En un tercer plano, se trascienden todavía más las categorías espacio-temporales para adentrarse en dimensiones metacósmicas. En el judaísmo místico, hallamos a Adam Kadmón, el Hombre Primordial; en el cristianismo estamos ante el Cristo cósmico y el Logos preexistente; en el islam, el Corán escrito se eleva a la existencia del Libro eterno que está junto a Dios, así como en algunas corrientes existe la figura del Hombre Universal (al-Insan al-Kamil) y los Nombres divinos; en el hinduismo, hallamos el Trimurti, Ishwara o Purusha, según las diversas escuelas; en el budismo, el Dharmakaya, el cuerpo cósmico total de Buddha; en el taoísmo, el Chi Primordial y la diada Yin-Yang.
Estos tres niveles de realidad se corresponden con diversas densidades de la forma, es decir, con una gradación de manifestaciones que emanan desde del centro y al cual vuelven. Cuanto más densa es la forma, más concretos y particulares son sus rasgos; cuanto más sutil, más abarcadores y universales.
Los elementos de cada tradición pueden ser puestos en relación en sus respectivos planos como equivalencias homeomórficas. Este término acuñado por Raimon Panikkar es muy pertinente porque, por un lado, respeta las especificidades irreductibles de cada religión y, por otro, permite ponerlas en correlación. El criterio para verificar si las equivalencias homeomórficas que se establecen son adecuadas radica en que cada tradición debe reconocerse en el rol o lugar que se asigna a su vehículo de revelación.

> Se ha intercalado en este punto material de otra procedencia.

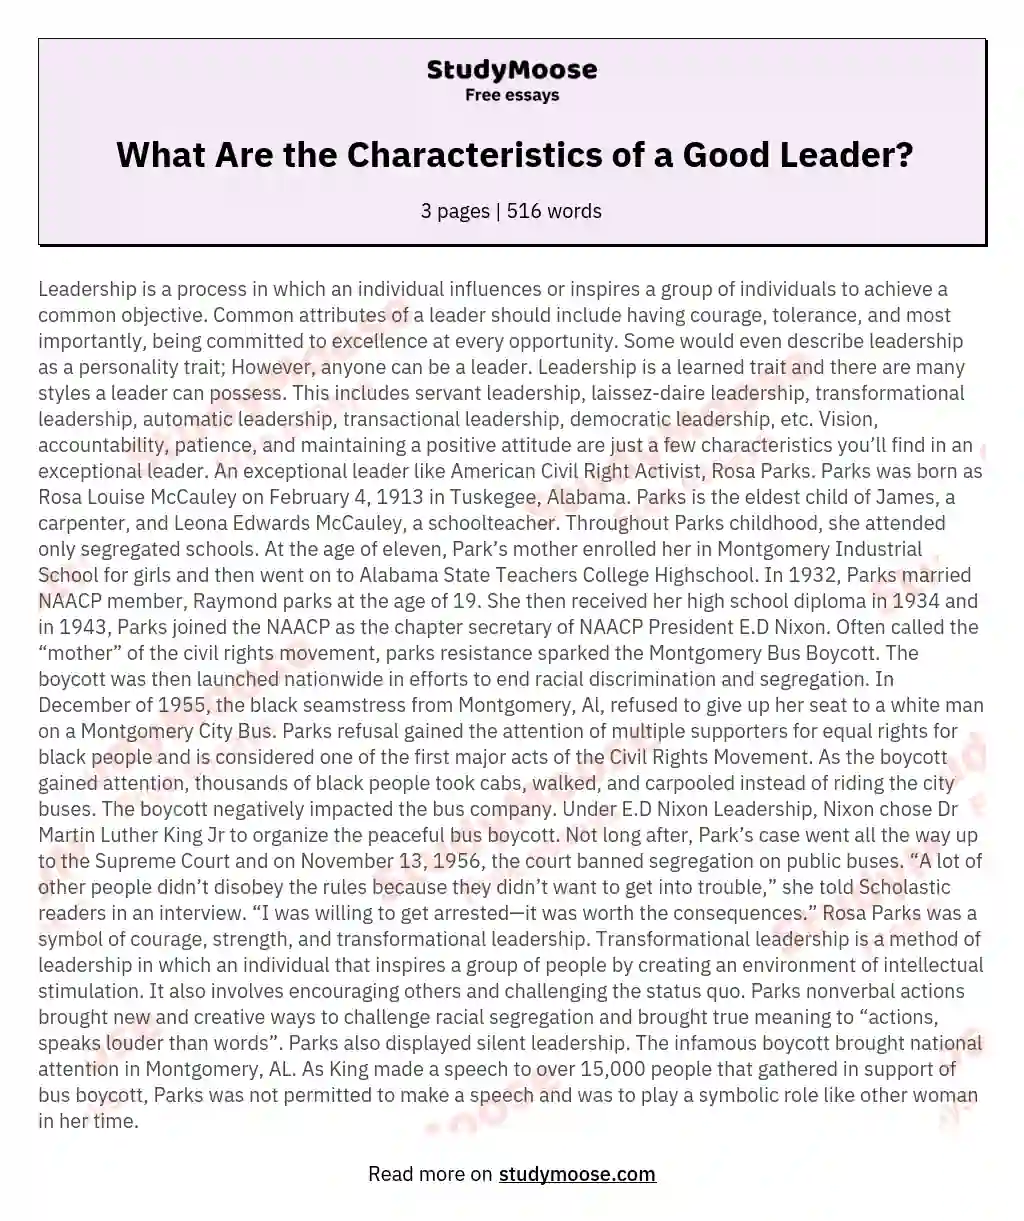 What Are the Characteristics of a Good Leader? essay
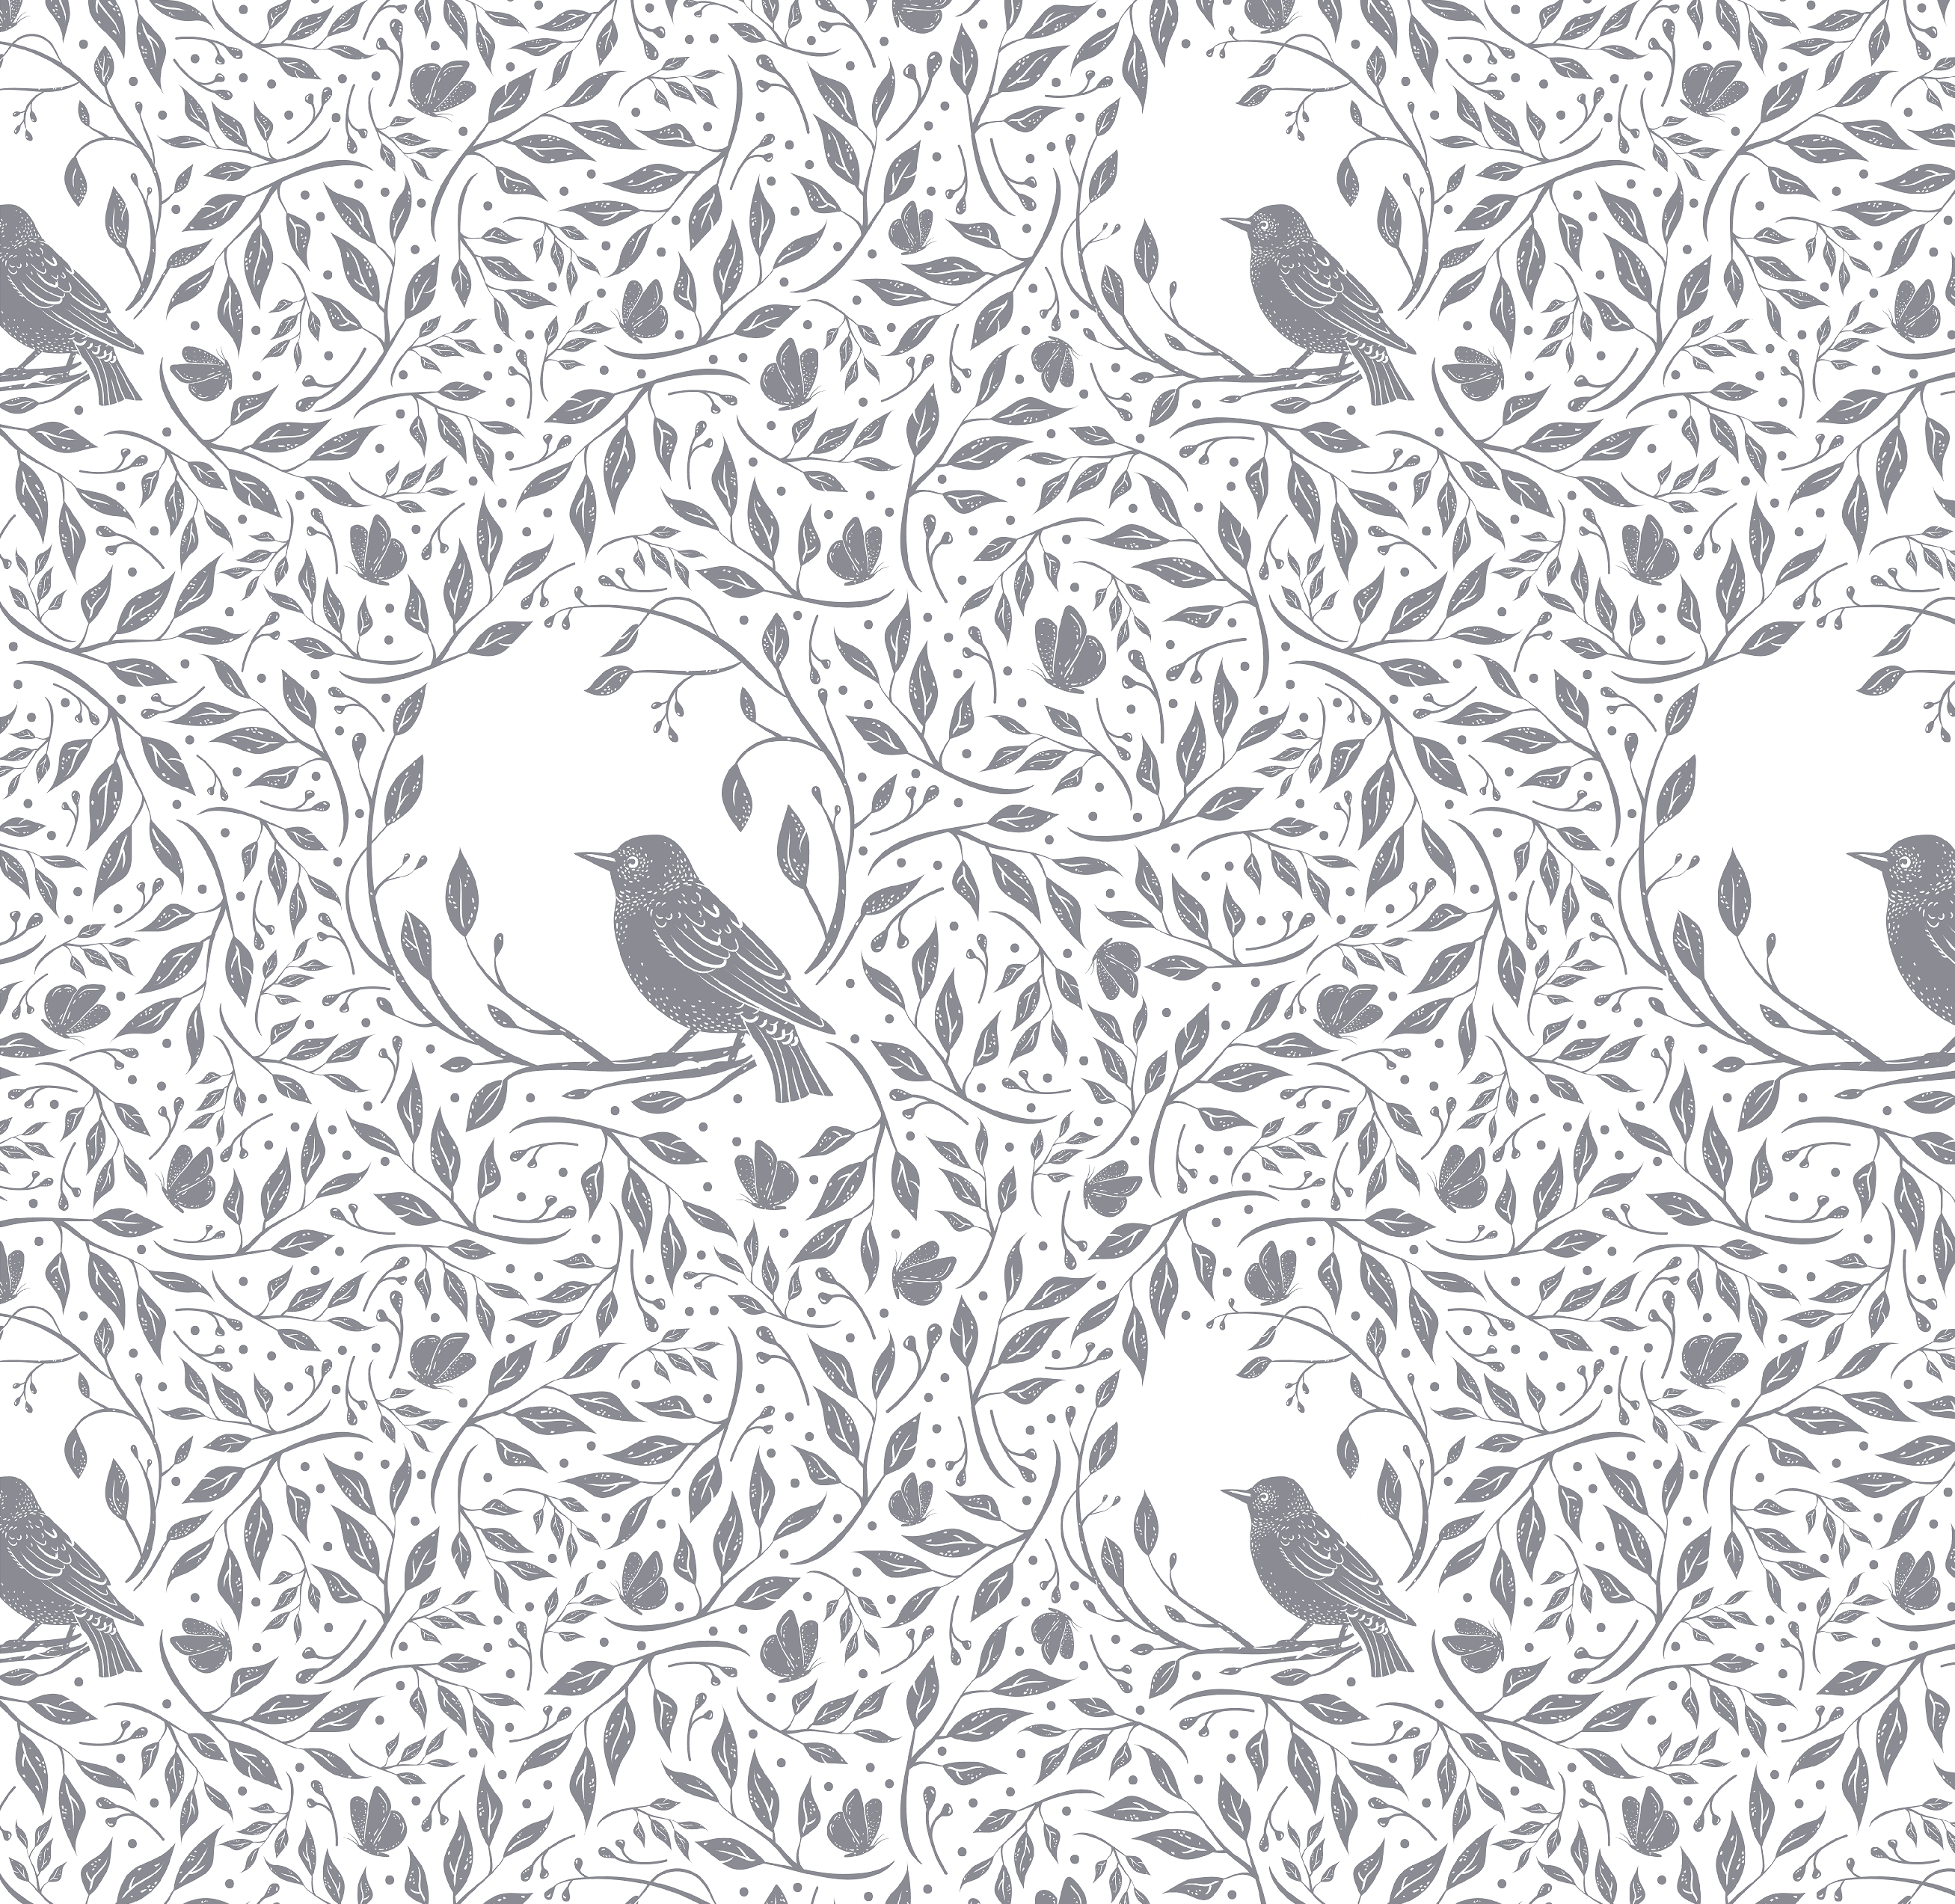 bird wallpaper, removable peel and stick wallpaper, wall paper, wall paper peel and stick, wallpapers peel and stick

Planos de Realidad y Apertura Interior
Cada círculo se corresponde con un modo de percepción que configura a su vez un modo de realidad. El primero es descriptivo y analítico, propio de los sentidos y de la razón. Es fragmentario, parcial y disperso. El segundo es simbólico y alegórico, propio del mundo imaginal y de la imaginación creadora. La imagen actúa como una concentración e intensificación de sentido. El tercer nivel es sintético y unitivo; antiguamente se atribuía a la facultad del intelecto, término que actualmente se confunde con la mente, cuando en verdad responde a otro órgano cognitivo. Se trata del nous neoplatónico y de la patrística cristiana, que desapareció con la teología escolástica-aristotélica. En el hinduismo y en el budismo se conoce como buddhi o el tercer ojo. Es decir, a cada orden del ser le corresponde un estado y un órgano cognitivo, entendiendo por órgano una dimensión perceptiva que trasciende el cuerpo aunque se da a través de él.
Cada círculo está relacionado con sus correlativos estados espirituales. Todas las tradiciones han señalado que la actitud de apertura y de receptividad con la que nos situamos ante las cosas afecta el modo de percibirlas. La amplitud y profundidad cognitivas no se refieren solo a territorios que se abren en el mismo plano, sino que se van desplegando sucesivos niveles de realidad. Esta captación no depende únicamente de nuestros órganos perceptivos, de nuestros esquemas culturales y de nuestra inteligencia, sino que radica en consentir a una apertura interior. La avidez y la posesividad hacen que persista y se refuerce la separación de la propia individualidad respecto de la manifestación. Cuanto más serenidad desapropiatoria se dé en la relación con ellos, mayor comunión y mayor conciencia de unidad se despliega con el Todo. Todo fenómeno vela y desvela al mismo tiempo. Lo que se manifiesta oculta lo que contiene en su interior y, a la vez, posibilita que se vislumbre a través de él el fondo del que emana, ya que es por esta razón que el fenómeno existe.
Así pues, los tres niveles de realidad ―sin mencionar por el momento el centro― se corresponden con tres niveles de percepción y con tres grados de apertura y de conciencia. Cuanto más denso es el plano de realidad, más concreto y asociado está a una forma definida. Cuanto más elevado, más sutil y menos ligado está a un contorno determinado. Tal es el orden y sentido iniciático: cuanto más avanzado se está en el camino, más se trasciende y se universaliza la forma concreta original sin que por ello desaparezca. A cada nivel le corresponde un modo o género de expresión. En términos de Juan Maltus, maestro tolteca, «el otro conocimiento abre las puertas de la otra realidad a condición de que el neófito se vuelva otro«.